Acórdão Nº 0301999-50.2017.8.24.0235 do Segunda Turma Recursal, 07-07-2020

Número do processo0301999-50.2017.8.24.0235
Data07 Julho 2020
Tribunal de OrigemHerval D'Oeste
ÓrgãoSegunda Turma Recursal
Classe processualRecurso Inominado
Tipo de documentoAcórdão




ESTADO DE SANTA CATARINA

PODER JUDICIÁRIO

TRIBUNAL DE JUSTIÇA DE SANTA CATARINA

Segunda Turma Recursal





Recurso Inominado n. 0301999-50.2017.8.24.0235, de Herval D'Oeste

Relatora: Juíza Margani de Mello







AÇÃO ANULATÓRIA DE NEGÓCIO JURÍDICO C/C INDENIZAÇÃO POR DANOS MORAIS E REPETIÇÃO DO INDÉBITO. EMPRÉSTIMO BANCÁRIO CONSIGNADO FIRMADO POR PESSOA ANALFABETA. SENTENÇA DE PARCIAL PROCEDÊNCIA. INSURGÊNCIA DE AMBAS AS PARTES. PRELIMINAR DE INCOMPETÊNCIA DO JUIZADO ESPECIAL CÍVEL PARA PROCESSAMENTO E JULGAMENTO DA CAUSA, POR NECESSIDADE DE PERÍCIA, E PEDIDO DE REPETIÇÃO DO INDÉBITO EM DOBRO AVENTADOS APENAS EM SEDE DE RECURSO. INOVAÇÃO RECURSAL. PLEITO DE RECONHECIMENTO DA NULIDADE DO CONTRATO JÁ ACOLHIDO NA SENTENÇA. FALTA DE INTERESSE RECURSAL. NÃO CONHECIMENTO DOS RECURSOS NOS PONTOS. MÉRITO. AUSÊNCIA DE ASSINATURA A ROGO. ARTIGO 595, DO CÓDIGO CIVIL. FORMALIDADE LEGAL NÃO OBSERVADA. NULIDADE DA AVENÇA RECONHECIDA. RESTITUIÇÃO DOS VALORES INDEVIDAMENTE DESCONTADOS DO BENEFÍCIO PREVIDENCIÁRIO. PESSOA COM BAIXA INSTRUÇÃO E PARCOS RECURSOS FINANCEIROS. SITUAÇÃO EXCEPCIONAL COMPROVADA. DANOS MORAIS CONFIGURADOS. ARBITRAMENTO QUE DEVE ATENDER OS CRITÉRIOS DE RAZOABILIDADE E PROPORCIONALIDADE. RECURSOS PARCIALMENTE CONHECIDOS, SENDO O DO BANCO NÃO PROVIDO E O DO CONSUMIDOR PARCIALMENTE PROVIDO.

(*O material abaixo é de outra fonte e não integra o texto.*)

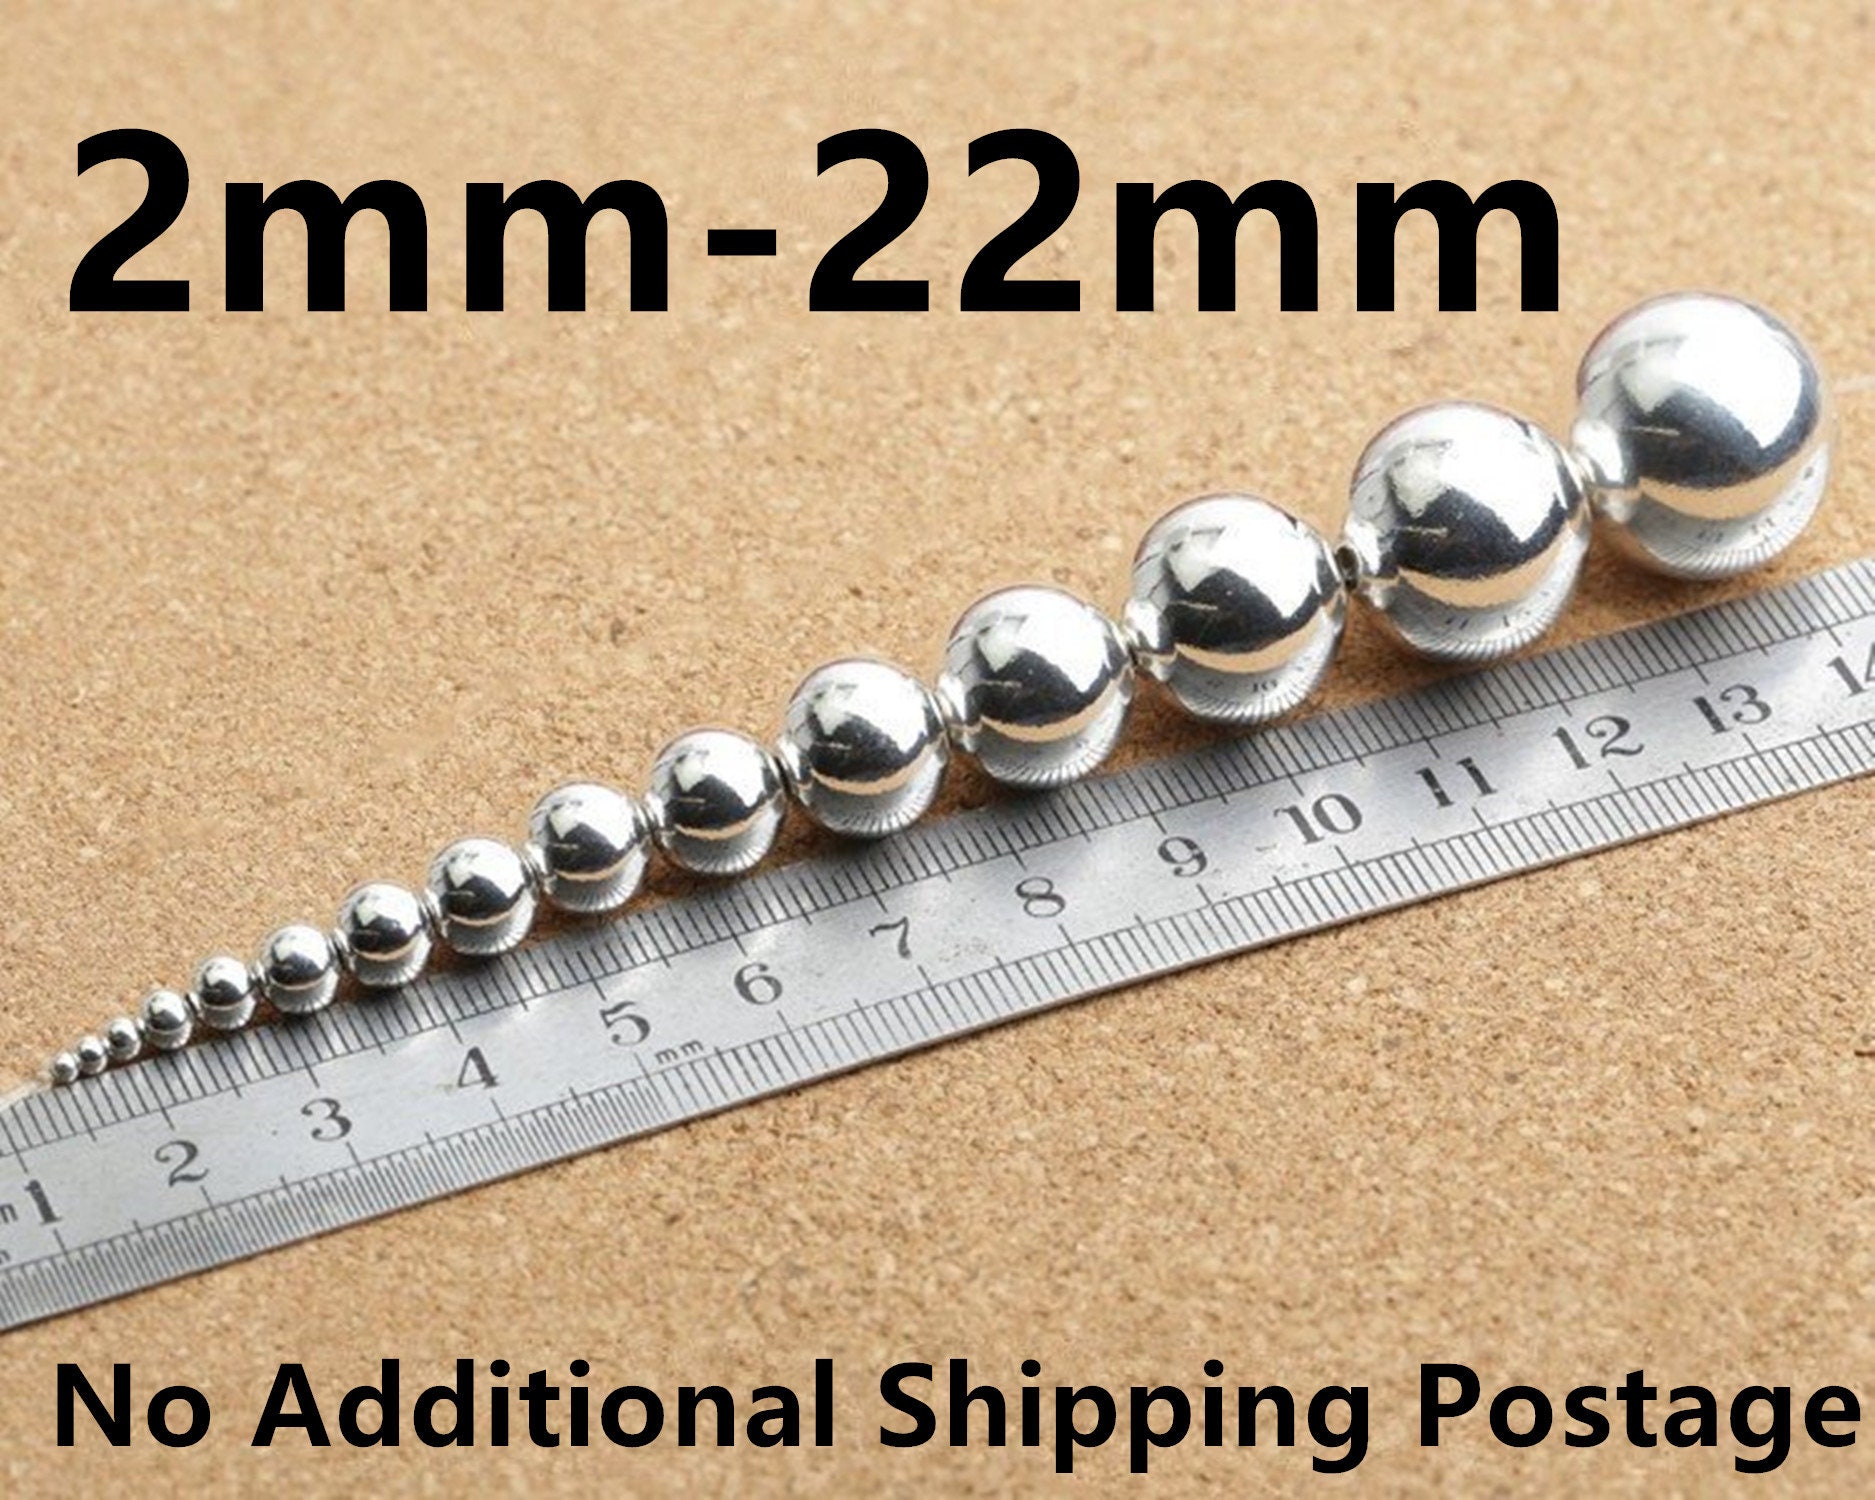 Bead, sterling silver, 3mm seamless round. Sold per pkg of 50

Vistos, relatados e discutidos estes autos de Recurso Inominado n. 0301999-50.2017.8.24.0235, da comarca de Herval D'Oeste Vara Única, em que é recorrentes/recorridos Abrilino Ribeiro e Banco Pan S/A:



I - RELATÓRIO

Conforme autorizam o artigo 46, da Lei 9.099/95, e o Enunciado 92, do FONAJE, dispensa-se o relatório.

II - VOTO

Tratam-se de recursos inominados interpostos pelo Banco Pan S/A e por Abrilino Ribeiro. Enquanto aquele alega, em síntese, (i) a incompetência do Juizado Especial Cível para o processamento e julgamento da causa, pela necessidade de realização de perícia, (ii) que a contratação foi regular, pois o consumidor tinha prévio conhecimento das obrigações que contraiu, (iii) a legalidade do contrato e a boa-fé objetiva; este pretende (i) o reconhecimento da nulidade do contrato, (ii) a repetição do indébito, em dobro, e (iii) o reconhecimento de danos morais indenizáveis.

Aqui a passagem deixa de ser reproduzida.